Здесь перед нами ключ к разгадке того, что имел в виду Фрейд, сказав, что бессознательное располагается вне времени. Это верно, и в то же время не верно. Оно располагается вне времени в качестве понятия, поскольку само по себе является временем, чистым временем вещи, и может как таковое воспроизвести вещь в некоторой модуляции, материальным носителем которой может быть все что угодно. Автоматизм повторения состоит именно в этом. Это замечание имеет далеко идущие последствия, затрагивая в том числе и проблему времени, поставленную практикой психоанализа.
Вернемся к нашему примеру — почему течение анализа меняется с того момента, как ситуация переноса была проанализирована указанием на прежнюю ситуацию, когда субъект находился в присутствии объекта совершенно отличного, ни в чем не подобного объекту настоящему? Потому что настоящая речь, как и речь прежняя, заключена в скобки времени, в форму времени, если можно так выразиться. Если модуляция времени тождественна, речь аналитика оказывается имеющей ту же значимость, что и прежняя речь.

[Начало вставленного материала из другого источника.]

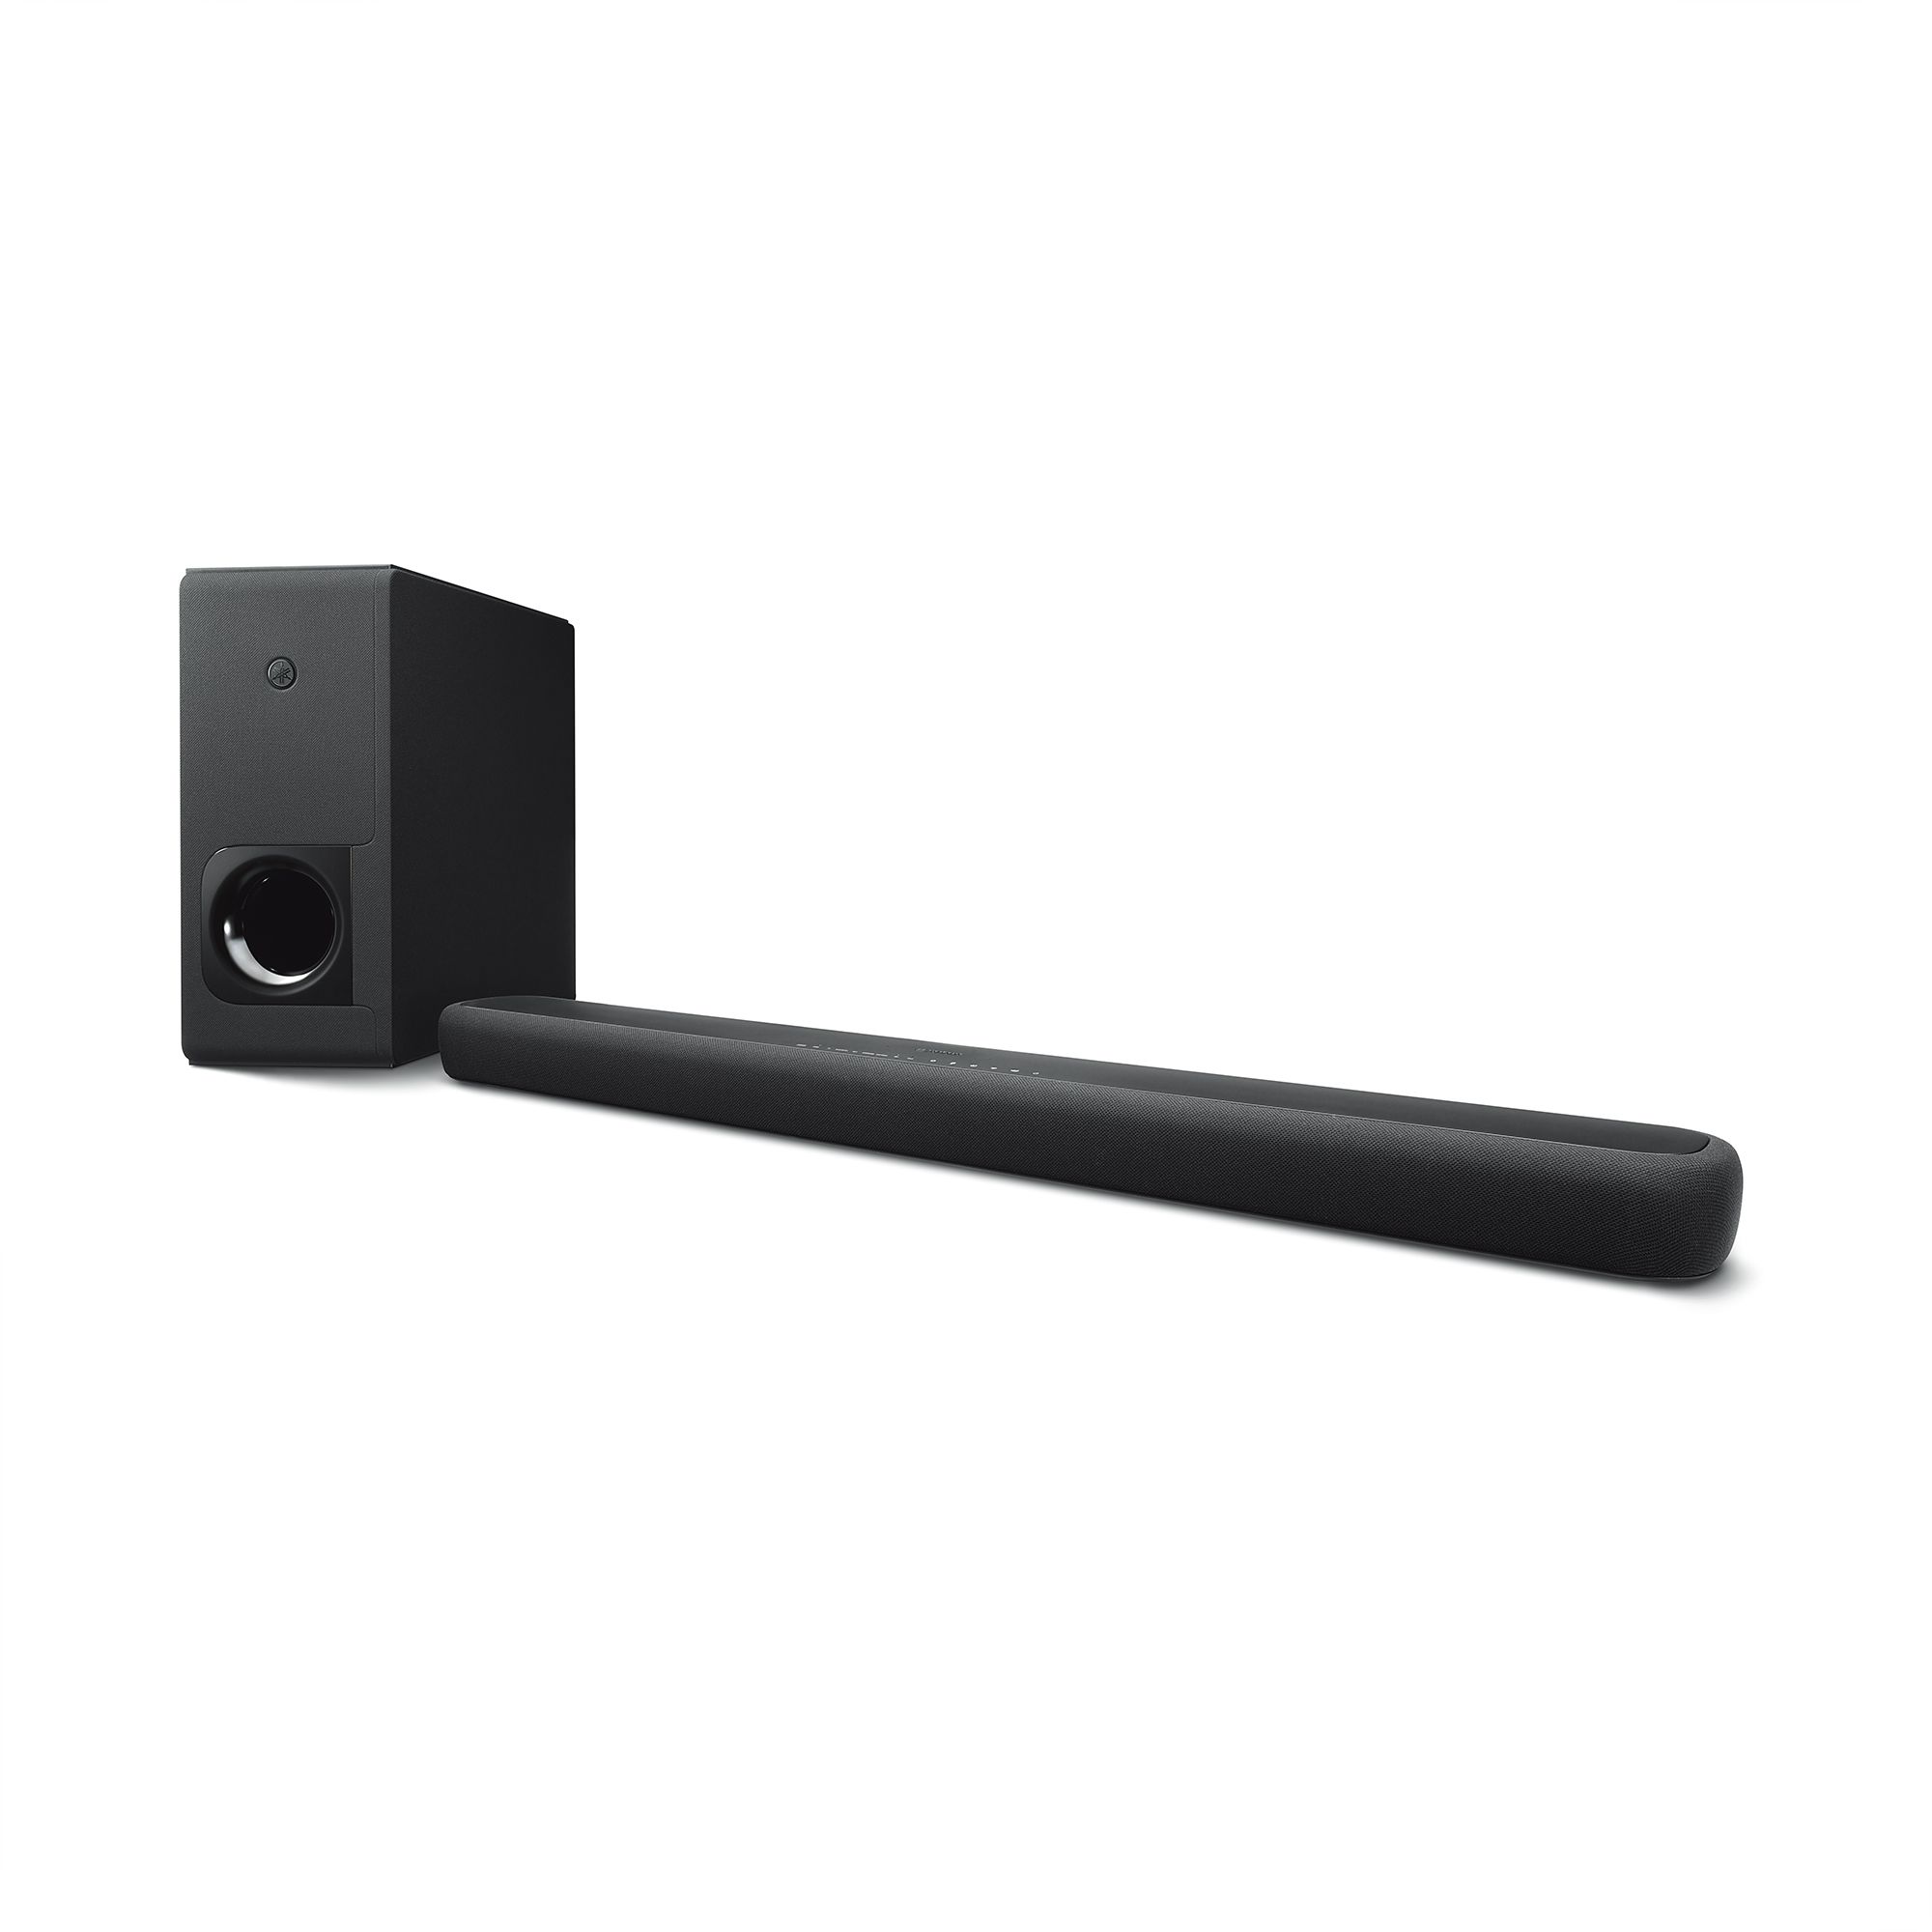 YAS-209 - Overview - Sound Bar - Audio & Visual - Products

Значимость эта принадлежит именно речи. Здесь нет никаких воображаемых чувств и проекций, а г-н Нюнберг, до изнеможения выстраивая их, оказывается в безвыходной ситуации.
Для Левенштайна речь идет не о проекции, а о смещении. Вот она, мифология, весьма напоминающая лабиринт. Выбраться из него можно лишь признав, что элемент времени является конституирующим измерением порядка речи.

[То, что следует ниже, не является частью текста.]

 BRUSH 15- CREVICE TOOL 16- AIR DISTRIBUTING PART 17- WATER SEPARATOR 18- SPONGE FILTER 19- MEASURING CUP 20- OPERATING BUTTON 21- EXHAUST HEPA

Если действительно понятие является временем, мы должны анализировать речь по этажам, отыскивать ее многочисленные смыслы между строк. Бесконечна ли такая работа? Нет, не бесконечна. Однако то, что вскрывается в последнюю очередь, последнее слово, последний смысл, является той временной формой, о которой мы с вами беседуем и которая уже сама по себе является речью. Последний смысл речи субъекта перед аналитиком — это его экзистенциальное предстояние объекту его желания.
Такой нарциссический мираж не приобретает в этом случае никакой особой формы, это не что иное, как то, что служит опорой отношению человека к объекту его желания и всегда оставляет его изолированным в так называемом предварительном удовольствии. Отношение это является зрительным по отношению к этой ситуации, на самом деле — чисто воображаемой, речь им как бы приостанавливается.
В такой ситуации нет ничего от настоящего, от эмоционального, от реального. Но, будучи однажды достигнута, она изменяет смысл речи, она открывает субъекту, что его речь является лишь тем, что я назвал в моем римском докладе "пустой речью', и что именно поэтому она не имеет никакого эффекта.
Все это непросто. Понятно ли вам сказанное мной? Вы должны усвоить, что потусторонность, к которой отсылает нас речь пациента, всегда является другой речью, более глубокой. Что касается предела внятности речи, то обусловлен он резонансом всех ее смыслов. В конечном счете, нам следует отталкиваться от самого акта речи. Именно значимость совершаемого в настоящем акта и делает речь пустой или полной. Анализируя перенос, мы должны понять, в какой точке ее присутствия речь является полной.